Un noyau incroyablement diffus

En s’appuyant sur les données de la sonde Cassini qui a exploré le système de Saturne de 2004 à 2017, des chercheurs du California Institute of Technology ont ainsi « écouté » les différentes notes produites à l’intérieur de l’anneau C au fil du temps. Ces analyses ont permis de « remonter » jusqu’à l’orchestre et de déterminer la structure du noyau de la planète.

Ces travaux, publiés dans Nature Astronomy, ont révélé un noyau colossal. Environ 55 fois plus massif que la Terre, il représente 60 % du rayon de la planète.

En outre, nous pensions jusqu’à présent que l’intérieur de Saturne présentait une division nette entre un noyau compact de roches et de glace et une enveloppe composée principalement d’hydrogène et d’hélium. Or, ces analyses révèlent que ce noyau est en réalité beaucoup plus diffus. Les roches et la glace cèdent en effet lentement la place aux parties les plus gazeuses de la planète à mesure que l’on s’éloigne du noyau qui, de fait, ne propose aucune frontière clairement définie.
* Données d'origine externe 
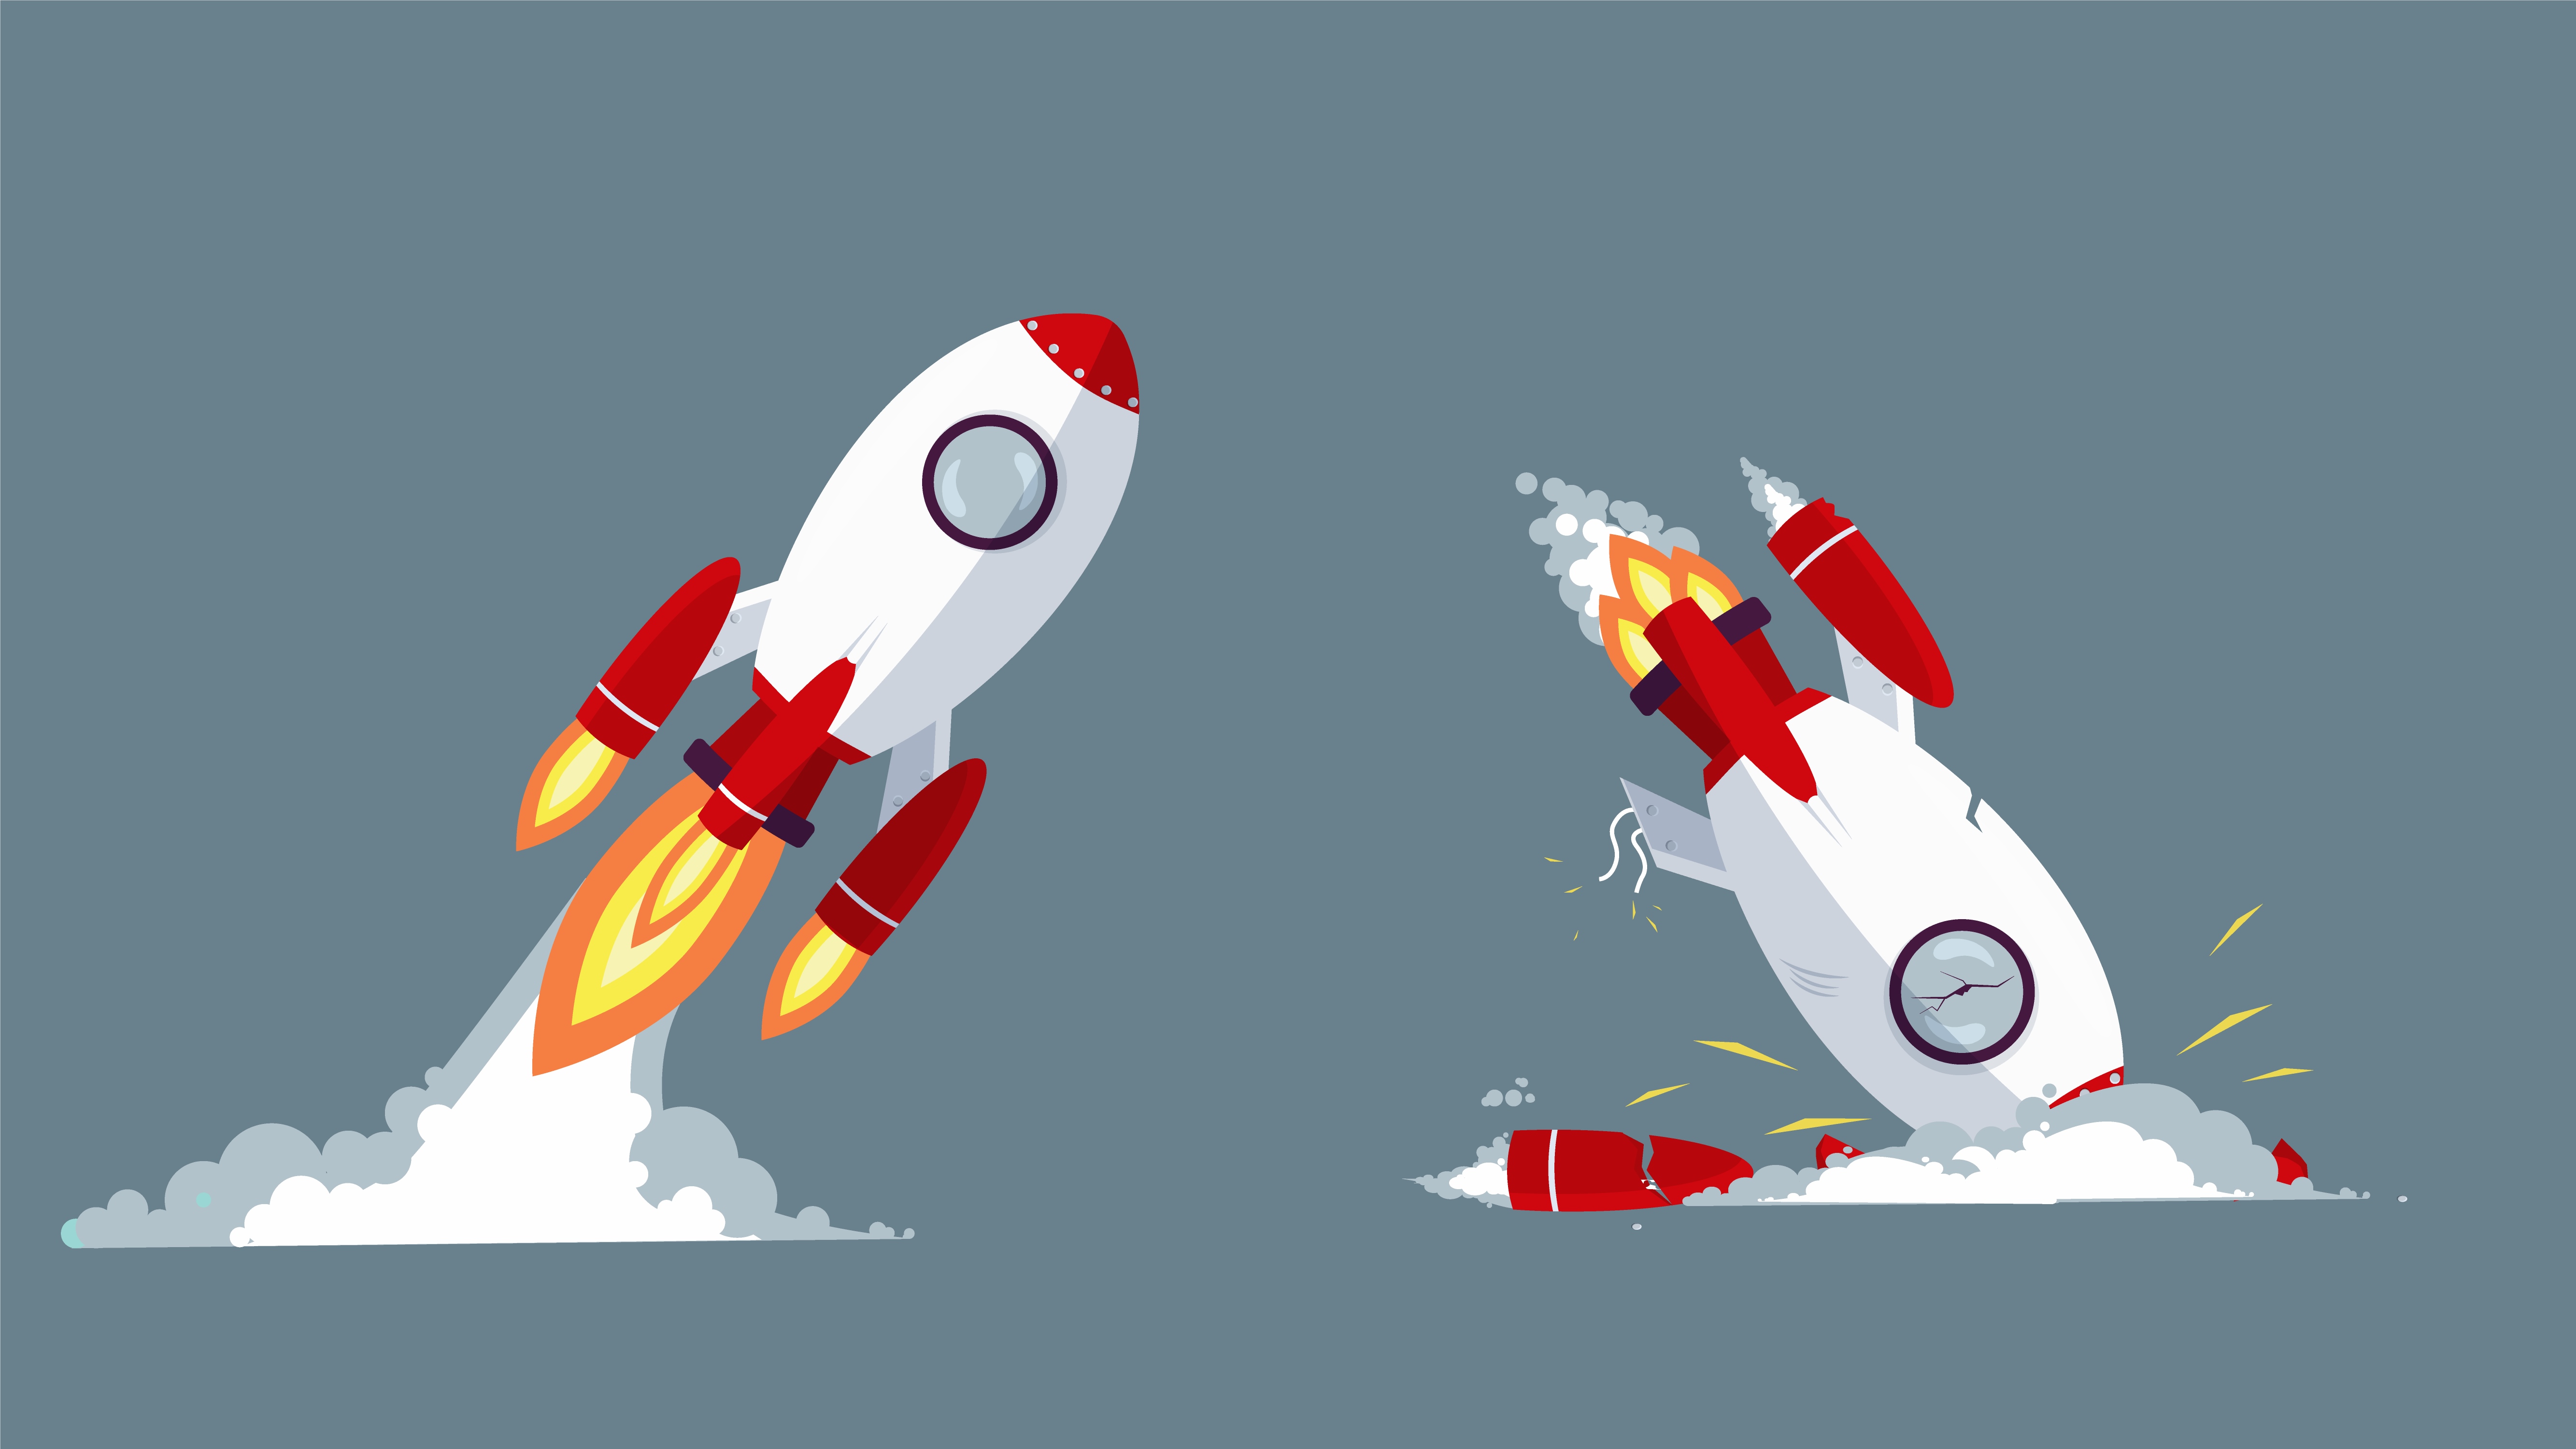 Cartoon rocket taking off and crash vector graphic illustration.

Pour Christopher Mankovich, principal auteur de l’étude, ces nouvelles découvertes sur Saturne ajoutent du crédit à l’idée que l’évolution des géantes gazeuses est un processus graduel entamé par la construction d’un noyau à partir de la coagulation de morceaux de roche spatiale autour duquel vient s’enrouler du gaz pour former le reste de la planète.